In March, Washington Power Council member Guy Norman visited Lake Roosevelt and spoke with Colville and Spokane tribe biologists as they netted pike. “I was amazed by the number of adult pike they were catching with so little effort,” Norman said. “It certainly rang the alarm bells for me. This is something that could have significant ecological effects on the lake, and on fisheries both in the lake and downriver. We need to get on top of it.”

The Council is concerned about the expansion of invasive pike, and in February 2016 recommended support for efforts by the Spokane Tribe to reduce proliferation in Lake Roosevelt, based on a proposal supported by public comments and independent scientific review. The Colville Confederated Tribes have also been funding suppression efforts through their Columbia River Fish Accord with the Bonneville Power Administration and with internal tribal funds.

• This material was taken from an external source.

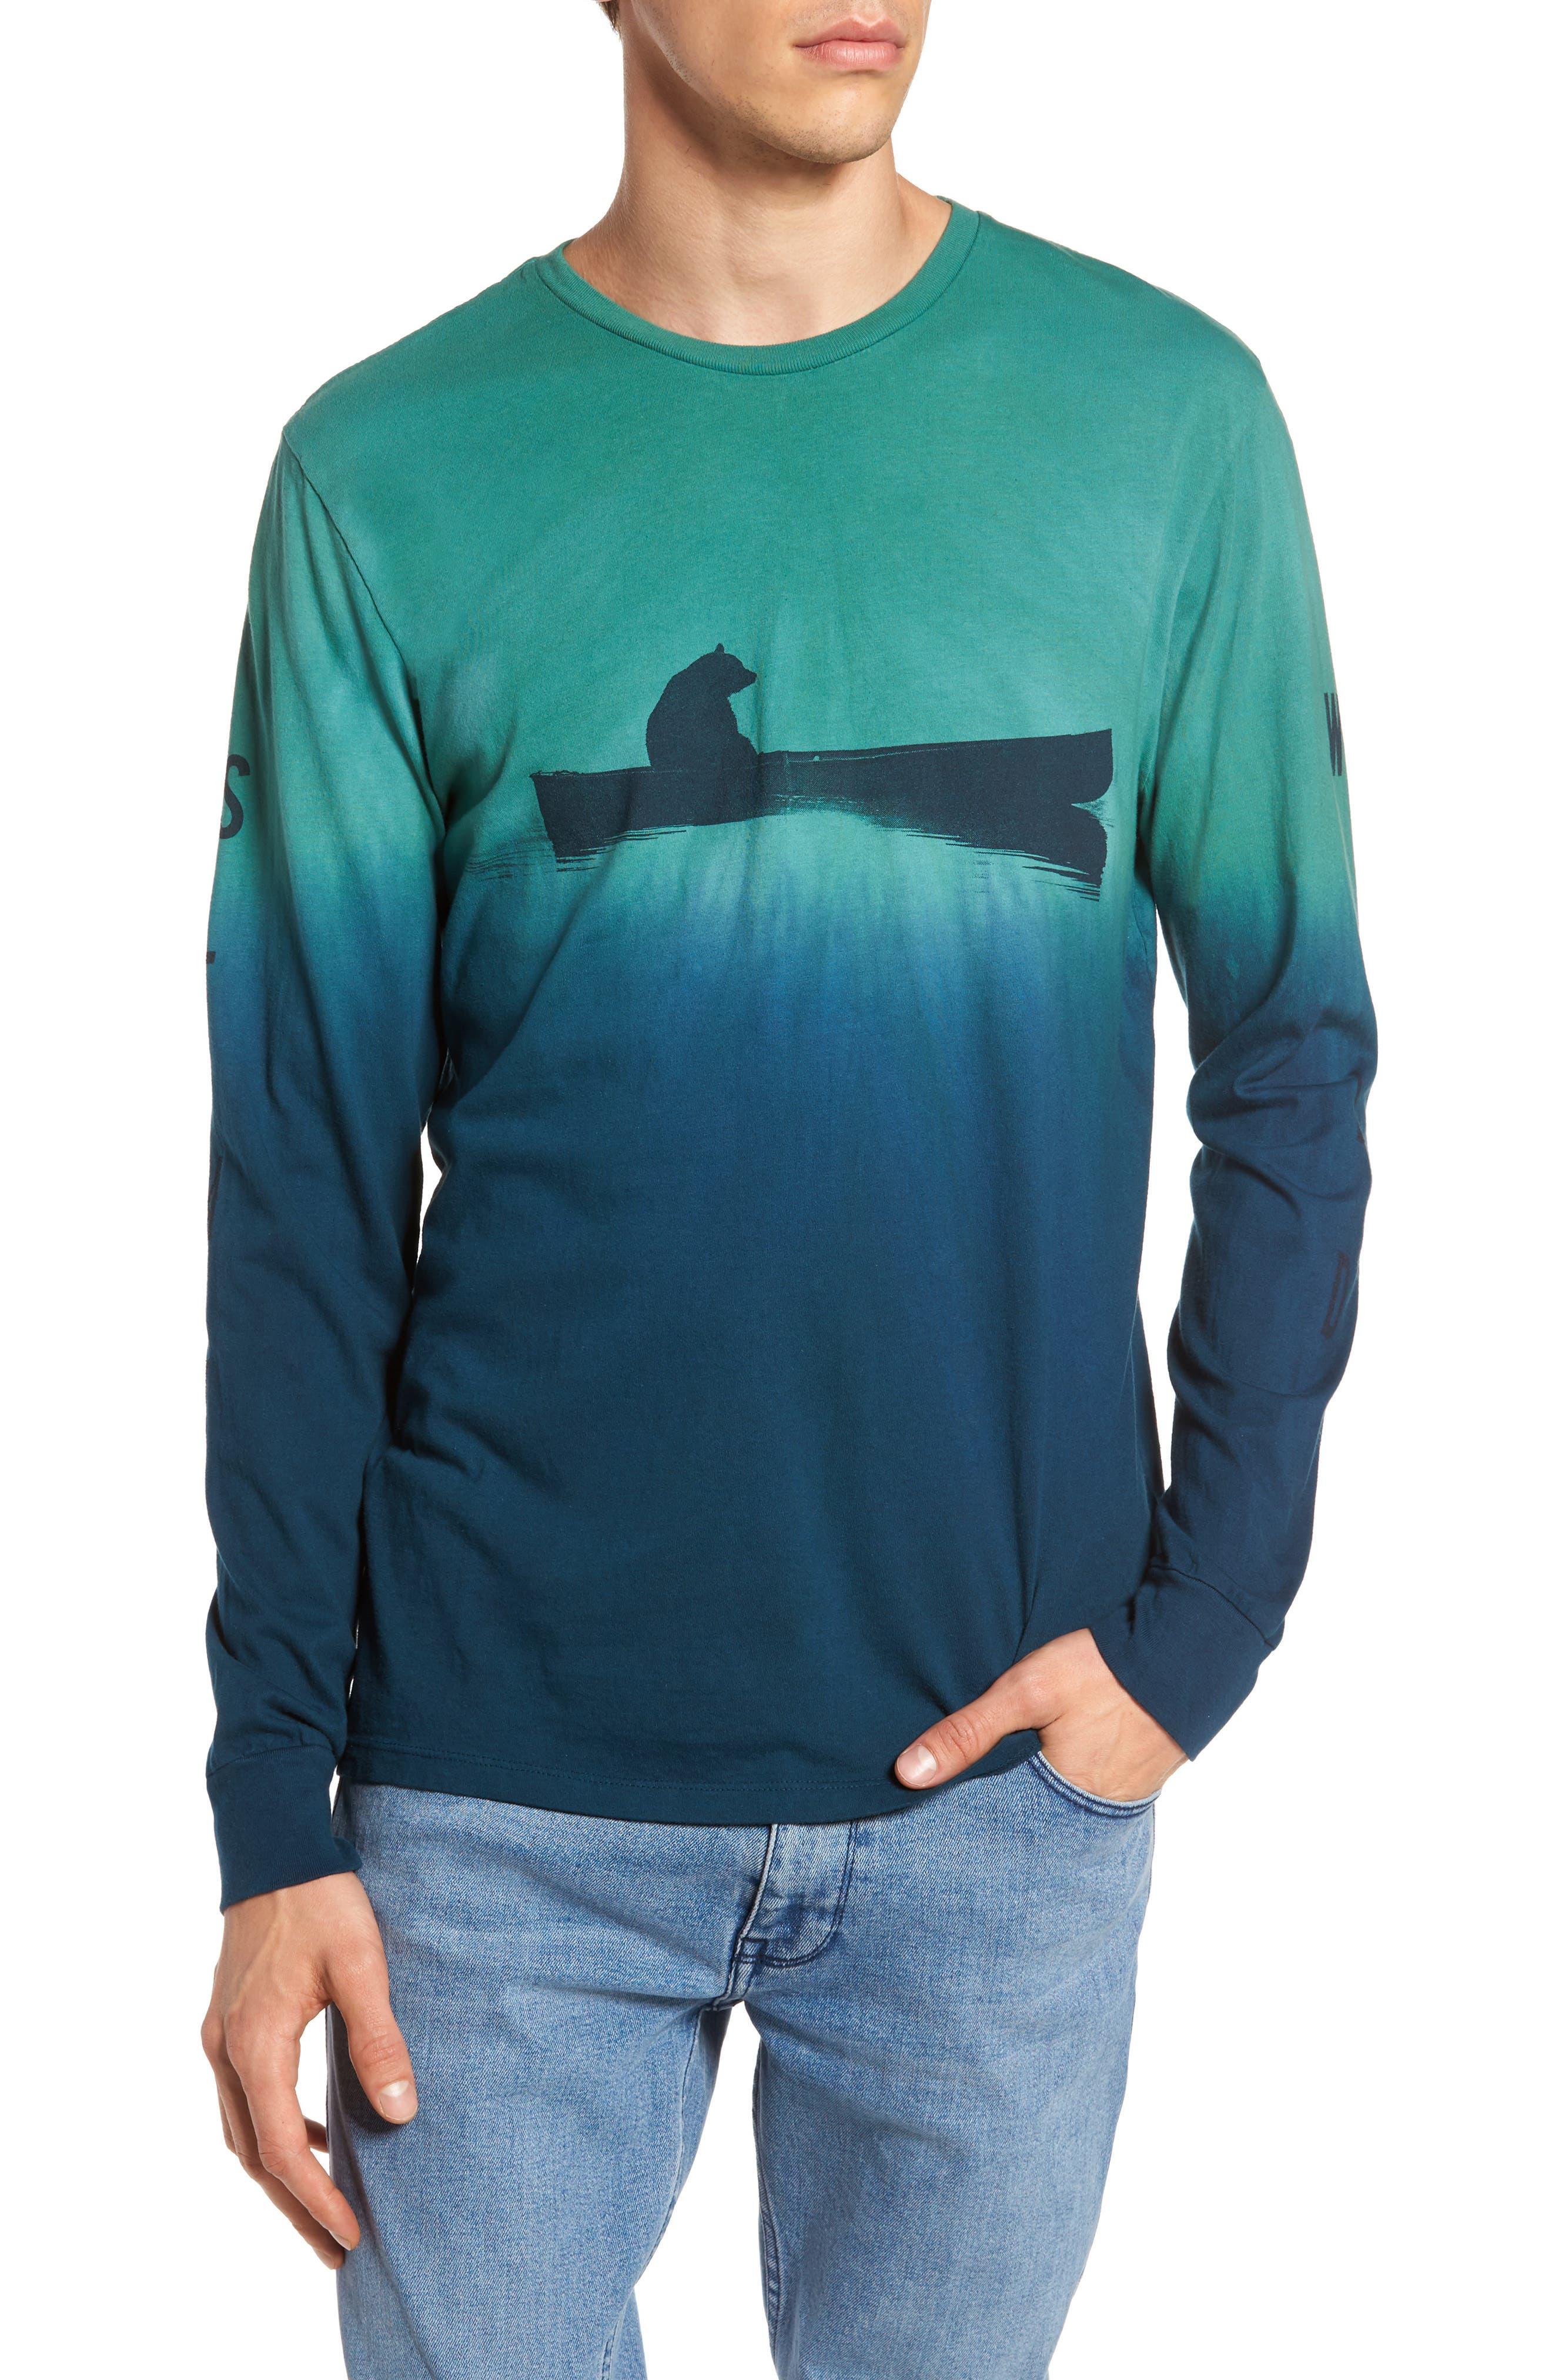 Up a Creek T-Shirt,                         Main,                         color, ALGAE/ NAVY

There is no doubt the pike numbers are higher this spring than during the same period in 2016, McLellan said. Through April 5, 702 were caught ranging in size from 12 to 42 inches and averaging 17 inches and 2 pounds per fish. That’s more than 10 times as many as were caught during the same period in 2016. The research fishing will continue periodically through early June when spawning will be over and the fish will move into deeper water. Next fall, researchers will electro-fish and gillnet the shorelines, as they have in recent years, to assess and remove the population of juvenile pike.

Voracious predation by pike on smaller fish imperils ongoing efforts to raise and release trout, Kokanee, and other game fish into the lake to replace and rebuild species including salmon and steelhead that were wiped out by the construction of Grand Coulee and Chief Joseph dams. While pike are popular with recreational fishers -- there is no catch limit in Idaho or Washington – many anglers toss them back after hooking them. 

Meanwhile, the Colville Tribe and WDFW have established monitoring stations downriver in Lake Roosevelt, in Lake Rufus Woods behind Chief Joseph Dam, in the Okanagan River, and in Banks Lake, the reservoir above Grand Coulee that supplies irrigation water to the 600,000-acre Columbia Basin Project. Water samples will be tested for pike DNA that would serve as an early warning that the predators, even a small number of them, are present so that eradication efforts could begin quickly.

“The population will keep expanding if we are not aggressive enough with the removal,” McLellan said.